An important property of any microbial community is its robustness – the ability to survive perturbations. Community robustness emerges from species interactions and is thus difficult to understand, especially in complex communities. Consequently, most work has been phenomenological, correlational, or theoretical. Robustness can also rapidly change as cells evolve. Understanding robustness and how it changes during evolution is critical in community design.

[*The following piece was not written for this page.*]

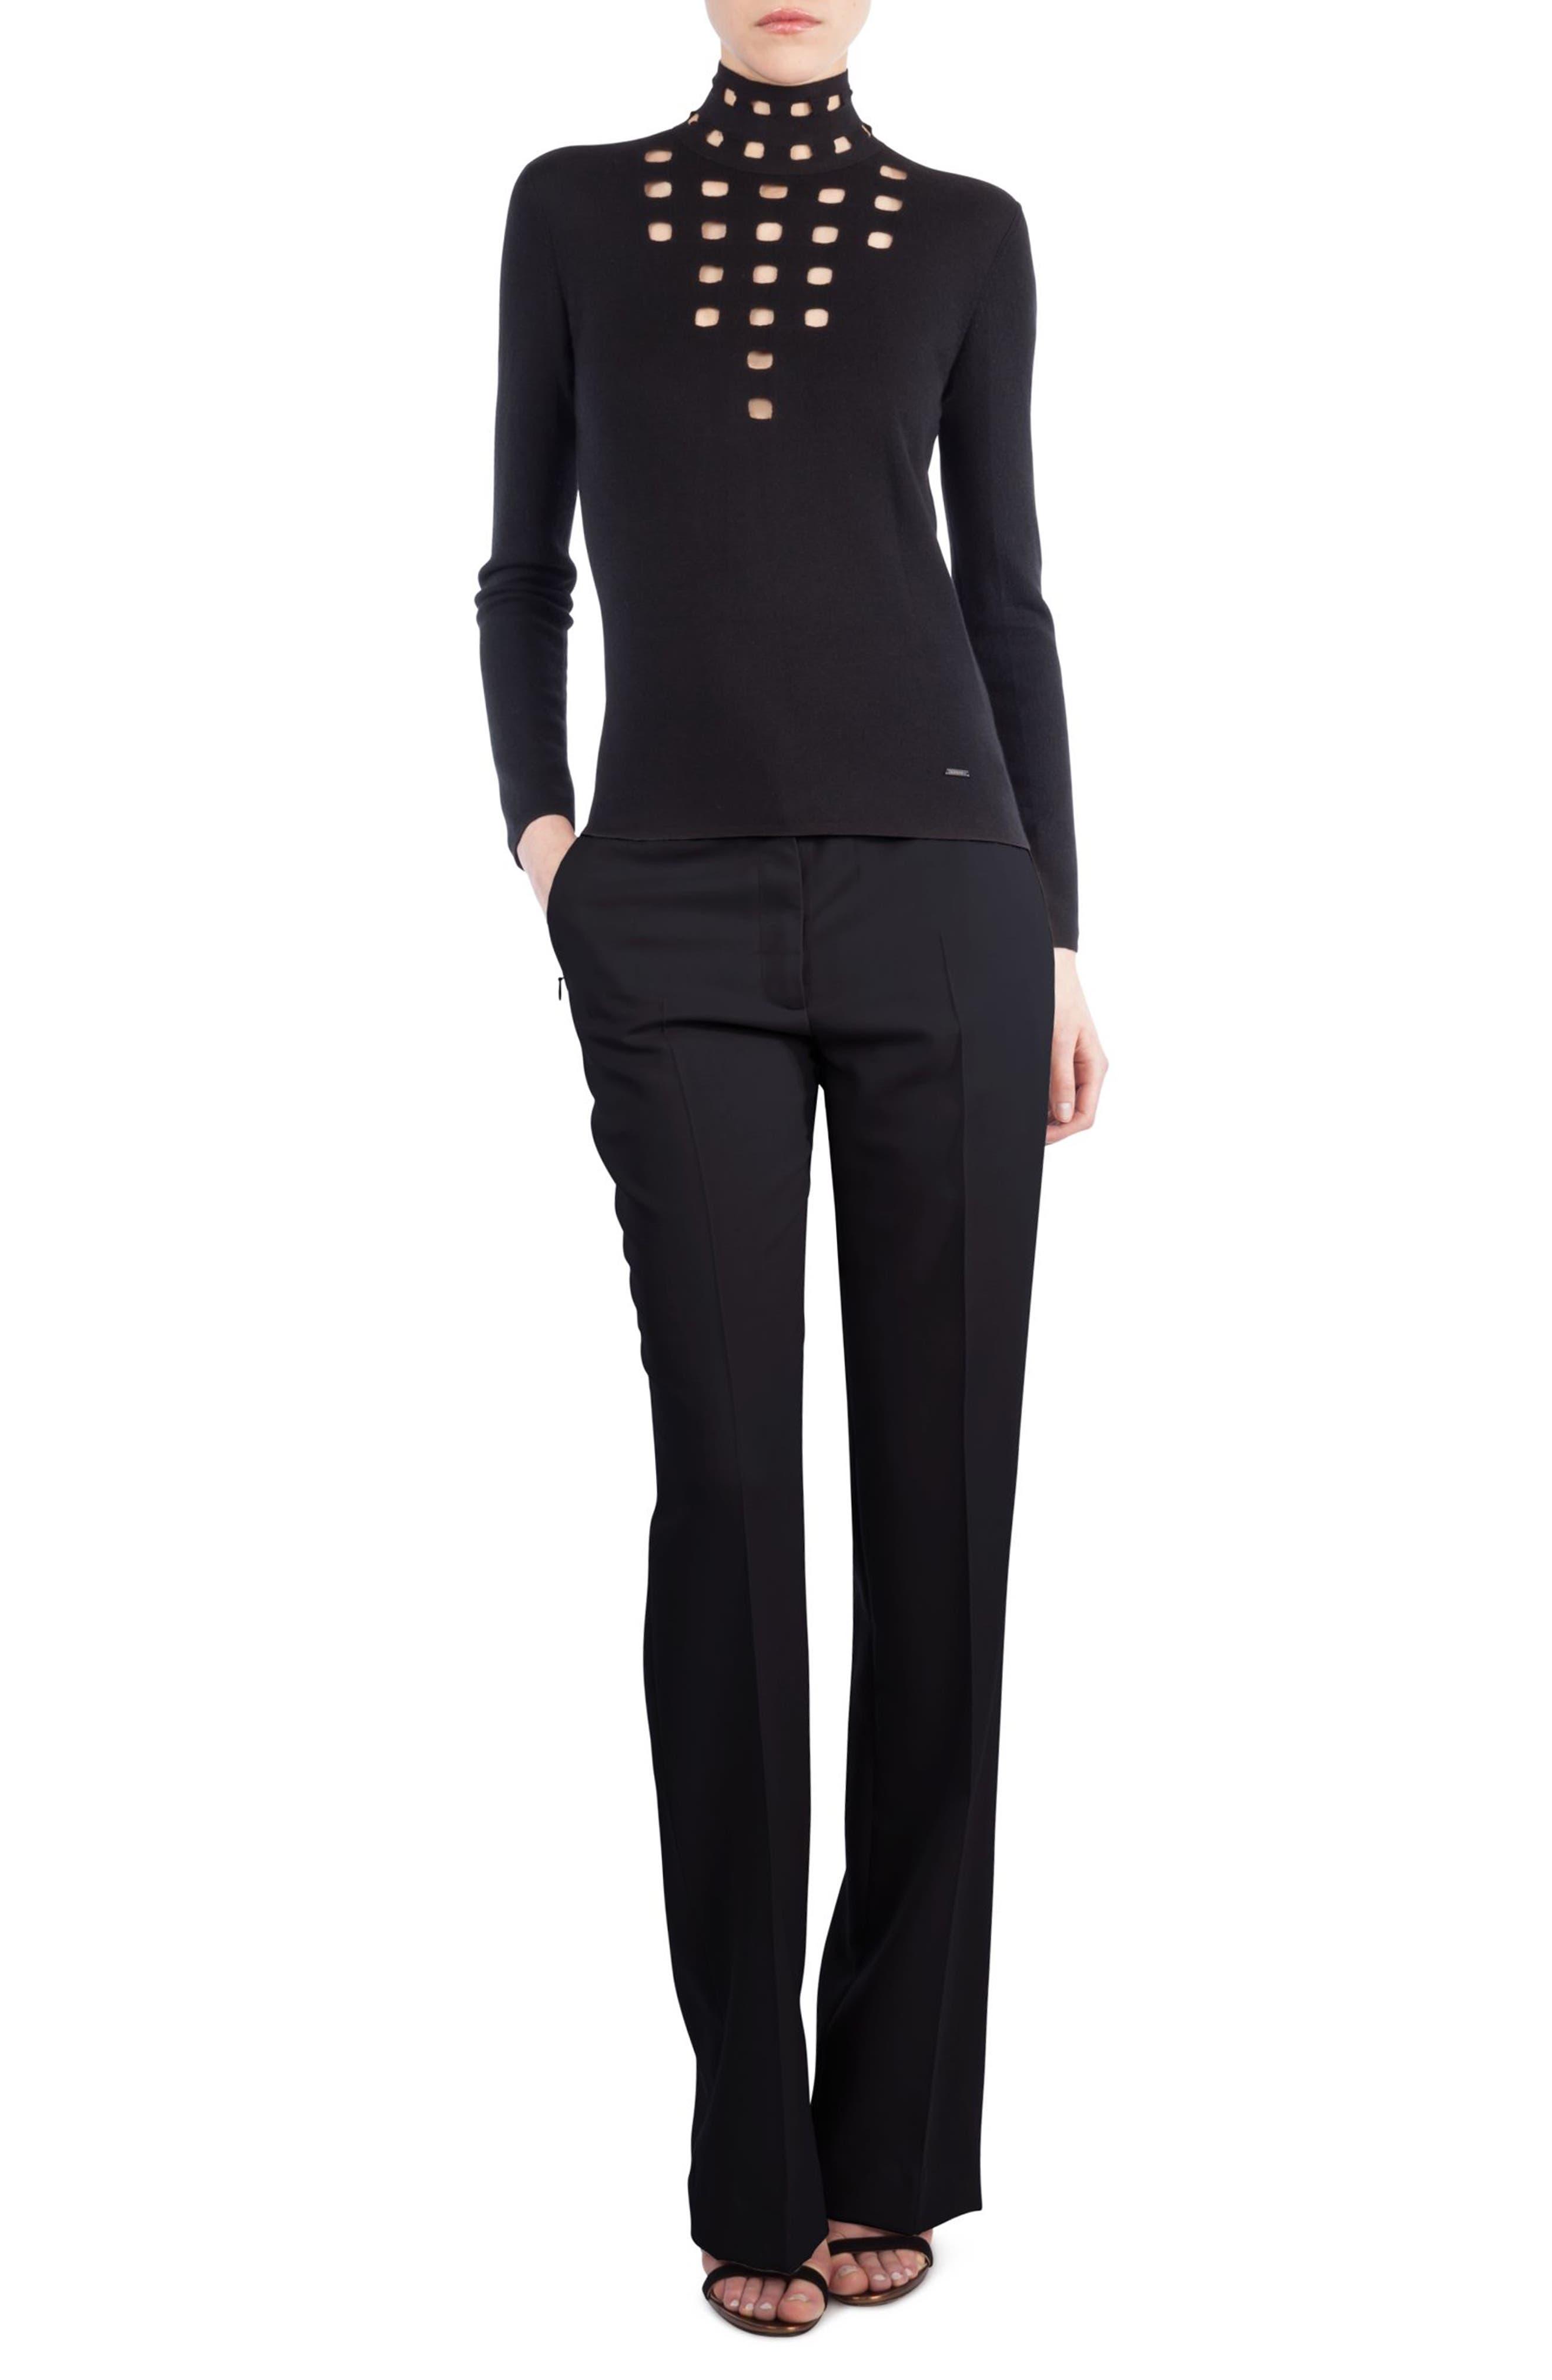 Main Image - Akris St. Gallen Cutout Cashmere & Silk Turtleneck Sweater
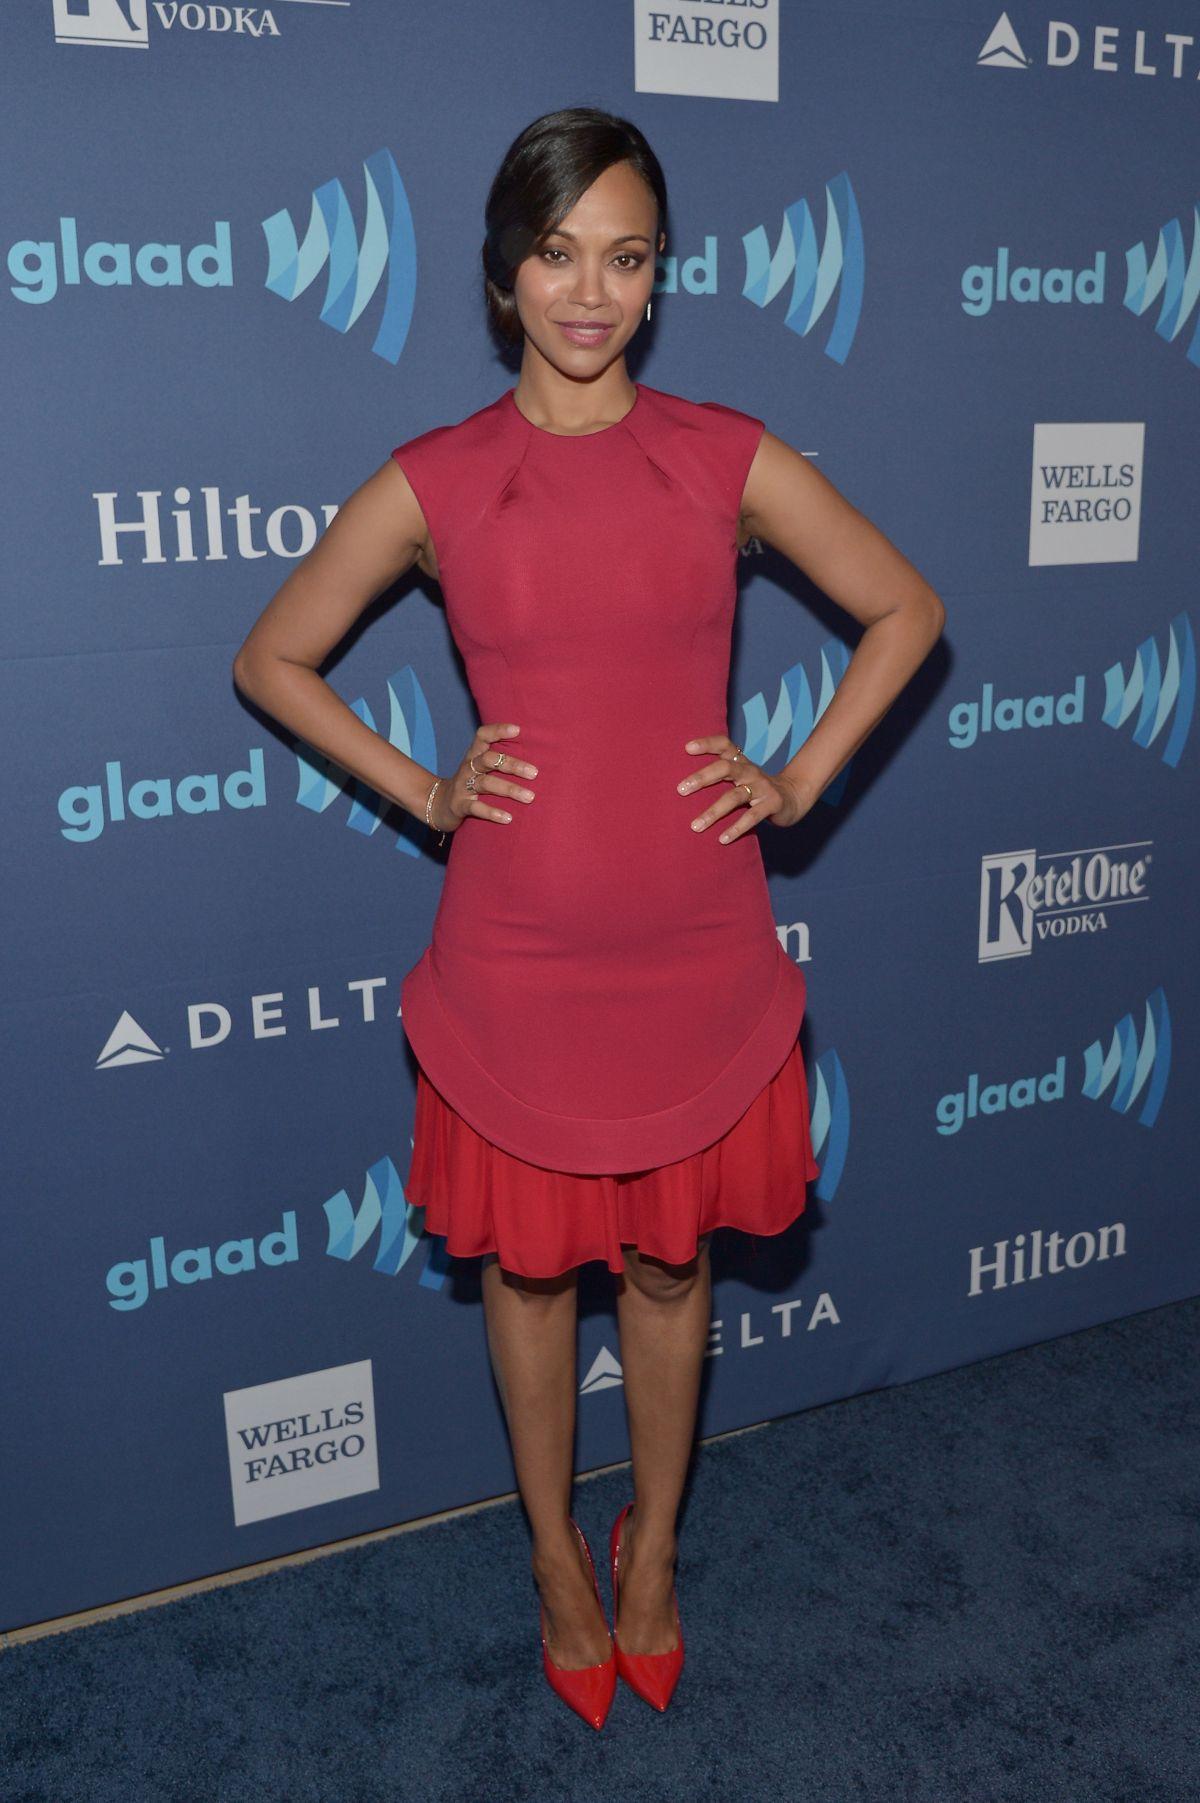 ZOE SALDANA at 2015 Glaad Media Awards in Beverly Hills ...

Using a model synthetic community, we will investigate the quantitative and genetic basis of community robustness. This community comprises two cooperative yeast strains engineered to exchange essential metabolites. We have already shown that this community exhibits “compositional robustness”: perturbed strain ratios returned to the steady-state ratio. Now, we will examine two other robustness metrics. One is community viability, the minimal total cell density required for the community to re-establish after a severe population reduction (e.g. antibiotic treatment). Another metric is community growth rate, which reflects the likelihood of an established community to withstand periodic dilutions such as those occurring in industrial fermenters. A mathematical model using experimentally measured strain phenotypes (e.g. metabolite release and consumption, and cell birth and death rates) will allow us to quantitatively predict how changes in strain phenotypes may impact community robustness. We will then experimentally test model predictions by assembling communities from phenotypic variants either isolated during community evolution or through genetic manipulations. Preliminary results suggest that different phenotypes drive robustness against different perturbations.
This project provides an excellent opportunity for tackling an outstanding yet solvable question while acquiring skills in experimentation and modelling.